Friday, June 22, 2012

German politicians have reached an agreement that will allow parliament to approve the setting up of a permanent eurozone bailout fund and the fiscal pact which eurozone leaders agreed to last year.  Angela Merkel's government and the opposition Social Democrats said they had agreed on the measures, which will give the Chancellor the two-thirds majority in parliament she needs when it goes to a vote next week.  There's a bit BUT though - Volker Kauder, the parliamentary leader of Mrs Merkel's party said again there would ne debt mutualisation in Europe, aka no eurobonds ... The head of the International Monetary Fund has piled pressure on Germany by recommending a series of crisis-fighting measures that chancellor Angela Merkel has resisted.  IMF managing director Christine Lagarde warned that the euro is under "acute stress" and urged eurozone leaders to channel aid directly to struggling banks rather than via governments. She also called on the European Central Bank to cut interest rates.  The comments came as Italy's prime minister Mario Monti, warned of the apocalyptic consequences if next week's summit of EU leaders were to fail.  The stark message from Lagarde, delivered to eurozone finance ministers who met in Luxembourg, will increase pressure to come up with a unified approach to tackle problems including Spain's struggling banks.

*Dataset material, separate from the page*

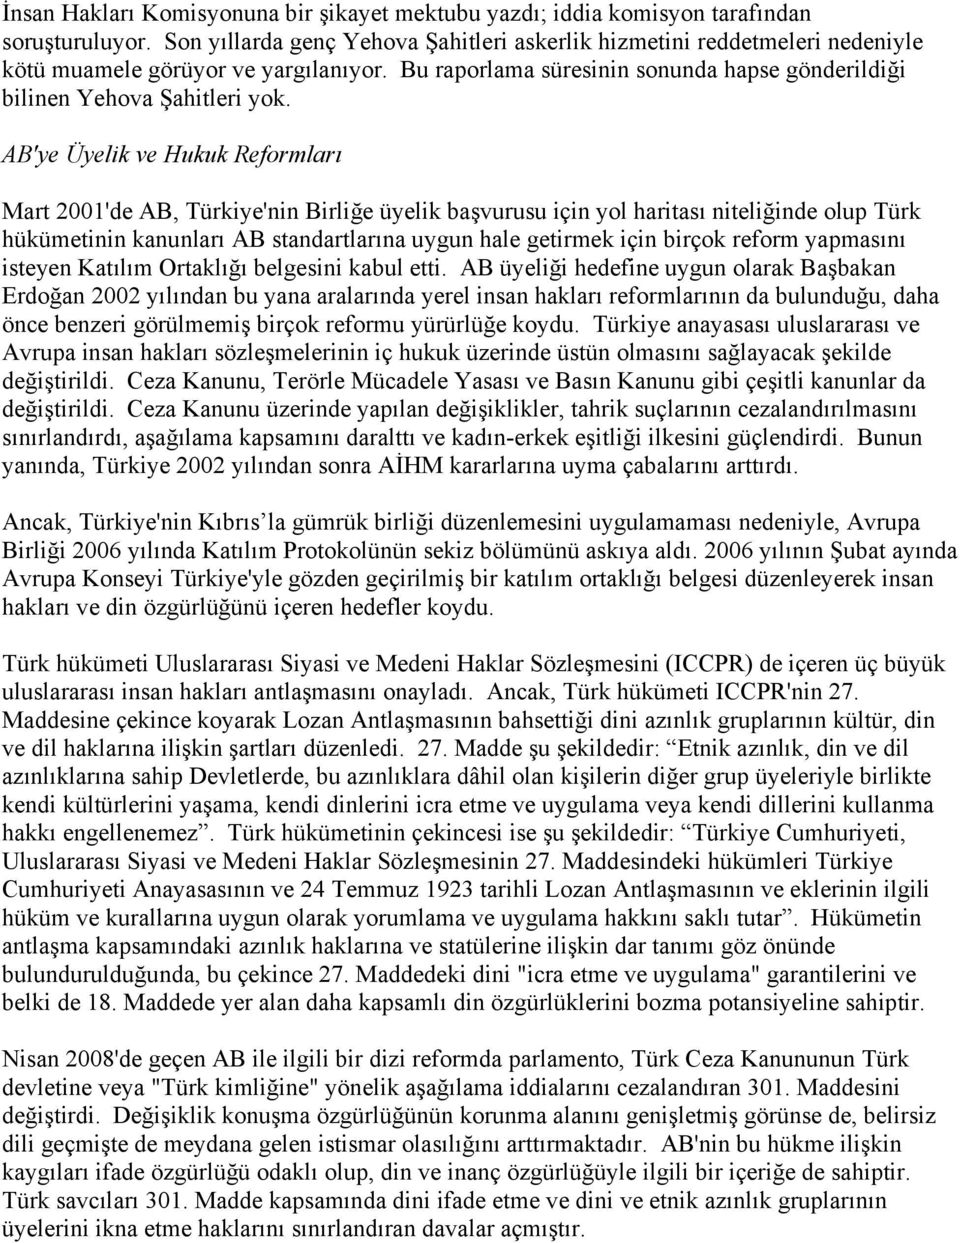 AB'ye Üyelik ve Hukuk Reformları Mart 2001'de AB, Türkiye'nin Birliğe üyelik başvurusu için yol haritası niteliğinde olup Türk hükümetinin kanunları AB standartlarına uygun hale getirmek için birçok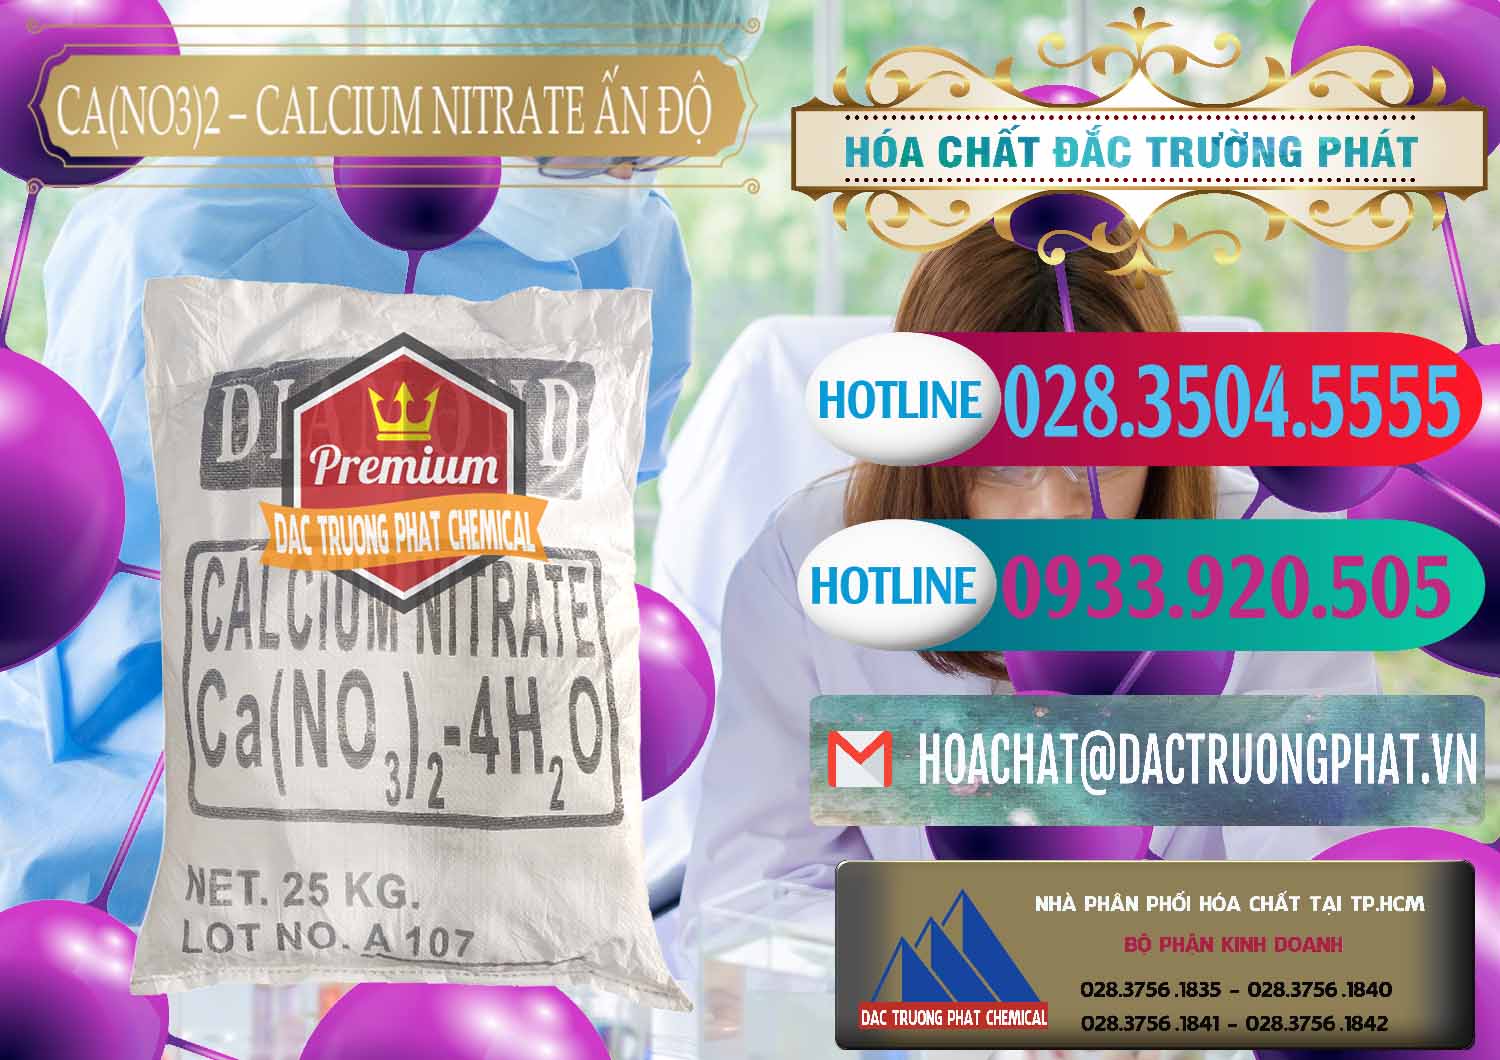 Đơn vị bán và cung cấp CA(NO3)2 – Calcium Nitrate Ấn Độ India - 0038 - Công ty cung cấp - phân phối hóa chất tại TP.HCM - truongphat.vn

She urged the 17 eurozone countries to consider jointly issuing debt, helping troubled banks directly, and suggested relaxing the strict austerity conditions imposed on countries that have received bailouts.....
Luxembourg's Jean-Claude Juncker has said he'll step down as chairman of the forum of the eurozone finance ministers this year, citing the heavy workload and his health.  Schaeuble has said he wants the job but Hollande is thought to be anxious about appointing a champion of austerity to such a key role.   If Germany gets the Eurogroup job, France gets to appoint their man as head of the bailout fund the European Stability Mechanism and vice versa.  Hollande is expected to put his petitions to Angela Merkel, Italy's Mario Monti and Spain's Mariano Rajoy at their talks in Rome on Friday.